エンベロープ暗号化とは?
えんべろーぷあんごうか
エンベロープ暗号化とは、データを暗号化する鍵をさらに別の鍵で暗号化する二重鍵管理方式で、大量データの安全な暗号化に使われます。
エンベロープ暗号化(Envelope Encryption)とは、実際のデータを暗号化するための「データ暗号化鍵(DEK:Data Encryption Key)」と、そのDEK自体を暗号化するための「鍵暗号化鍵(KEK:Key Encryption Key)またはマスター鍵」の2層構造で暗号化を管理する手法です。
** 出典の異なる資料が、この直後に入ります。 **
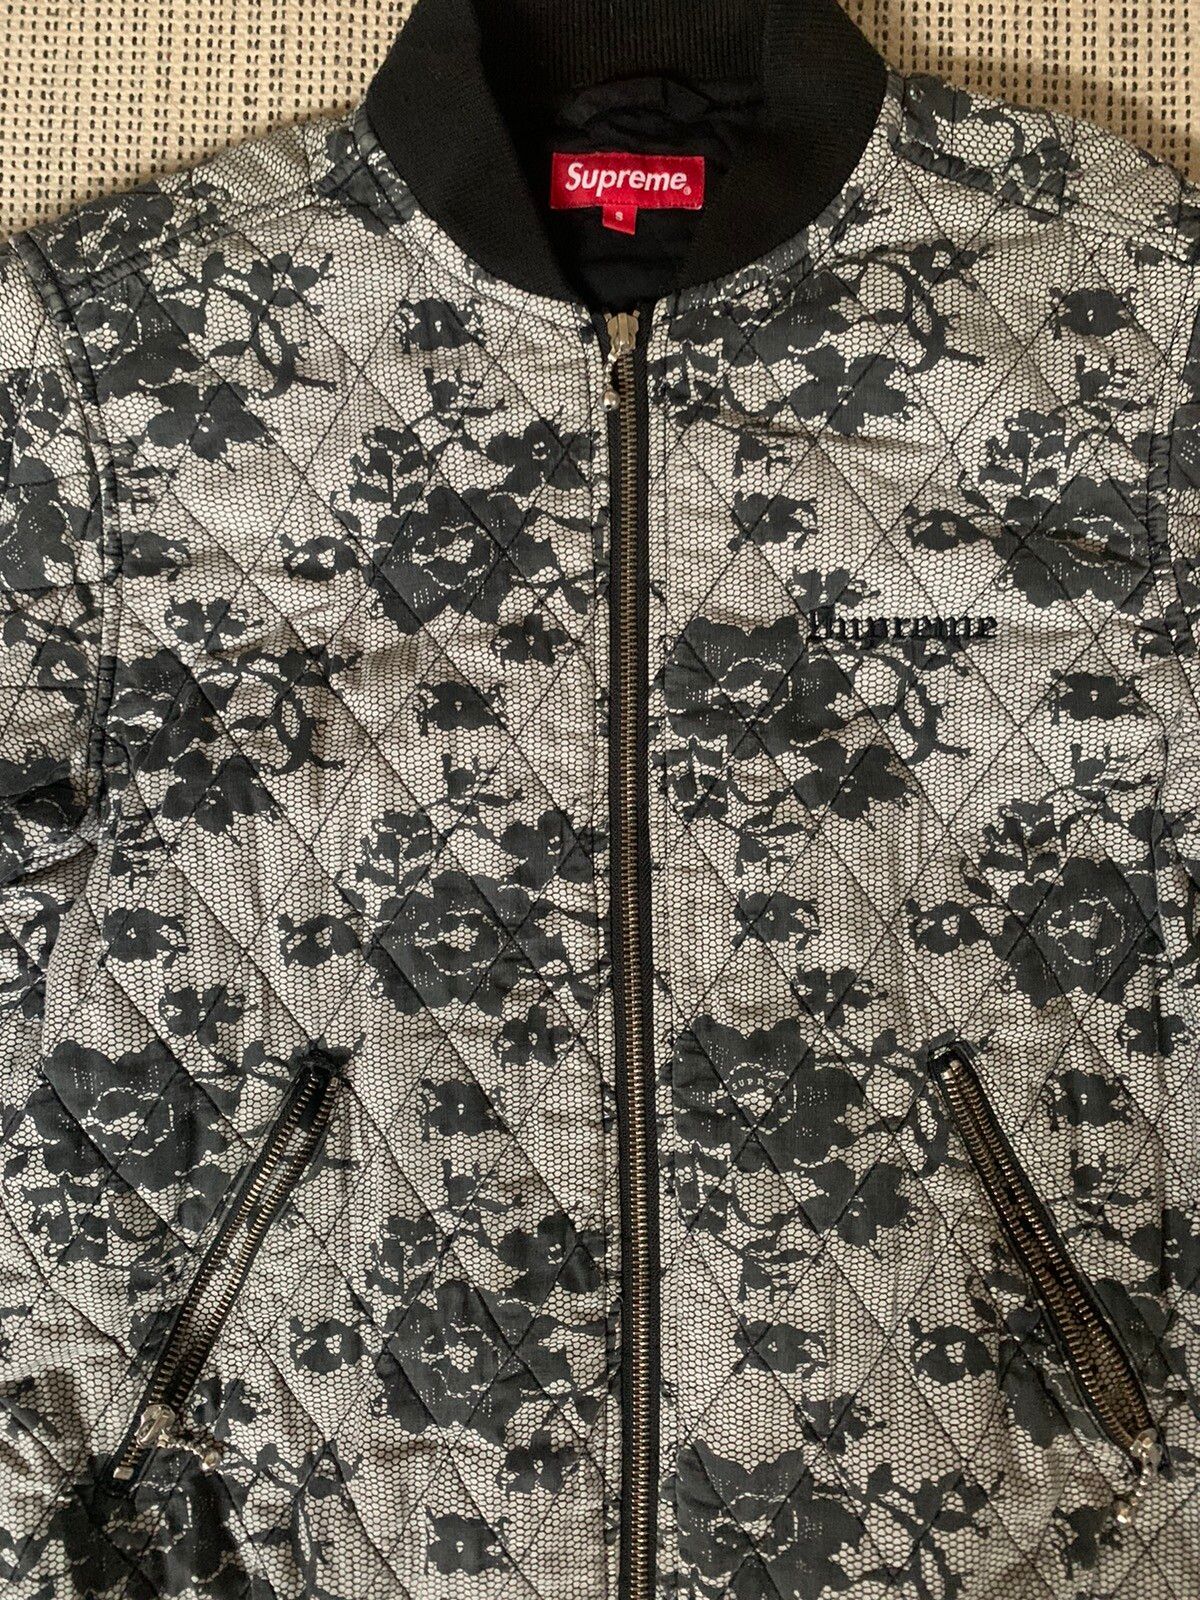 Supreme Supreme Quilted Lace Bomber Jacket Floral | Grailed

封筒(エンベロープ)の中に手紙を入れるイメージから名付けられています。
仕組みを順を追うと以下のようになります。
- 暗号化したいデータに対して、一意のDEKを生成して暗号化する
- 生成したDEKをKEK(マスター鍵)で暗号化し、暗号化されたDEKをデータと一緒に保存する
- 復号時は、KEKで暗号化DEKを復号してDEKを取得し、そのDEKでデータを復号する
この方式の主な利点は以下のとおりです。
- マスター鍵はAWS KMS・Azure Key Vault・Google Cloud KMSなどのHSM(ハードウェアセキュリティモジュール)上に安全に保管でき、平文では扱われない
- 鍵をローテーション(更新)する際に全データを再暗号化する必要がなく、DEKを暗号化し直すだけで済む
- 大量データを高速な共通鍵暗号(AESなど)で暗号化しつつ、鍵管理は安全な非対称暗号や専用KMSに委ねられる
クラウドサービスではS3やRDS、Secrets Managerなど多くのサービスが透過的にエンベロープ暗号化を採用しており、現代のセキュリティ設計において標準的な鍵管理方式となっています。
使い方・例文
AWSでS3バケット内のファイルを暗号化する際、KMSのカスタマーマスターキー(CMK)でDEKを暗号化するエンベロープ暗号化が自動的に使われます。これにより、マスター鍵を外部に露出させることなく大量のオブジェクトを安全に保護できます。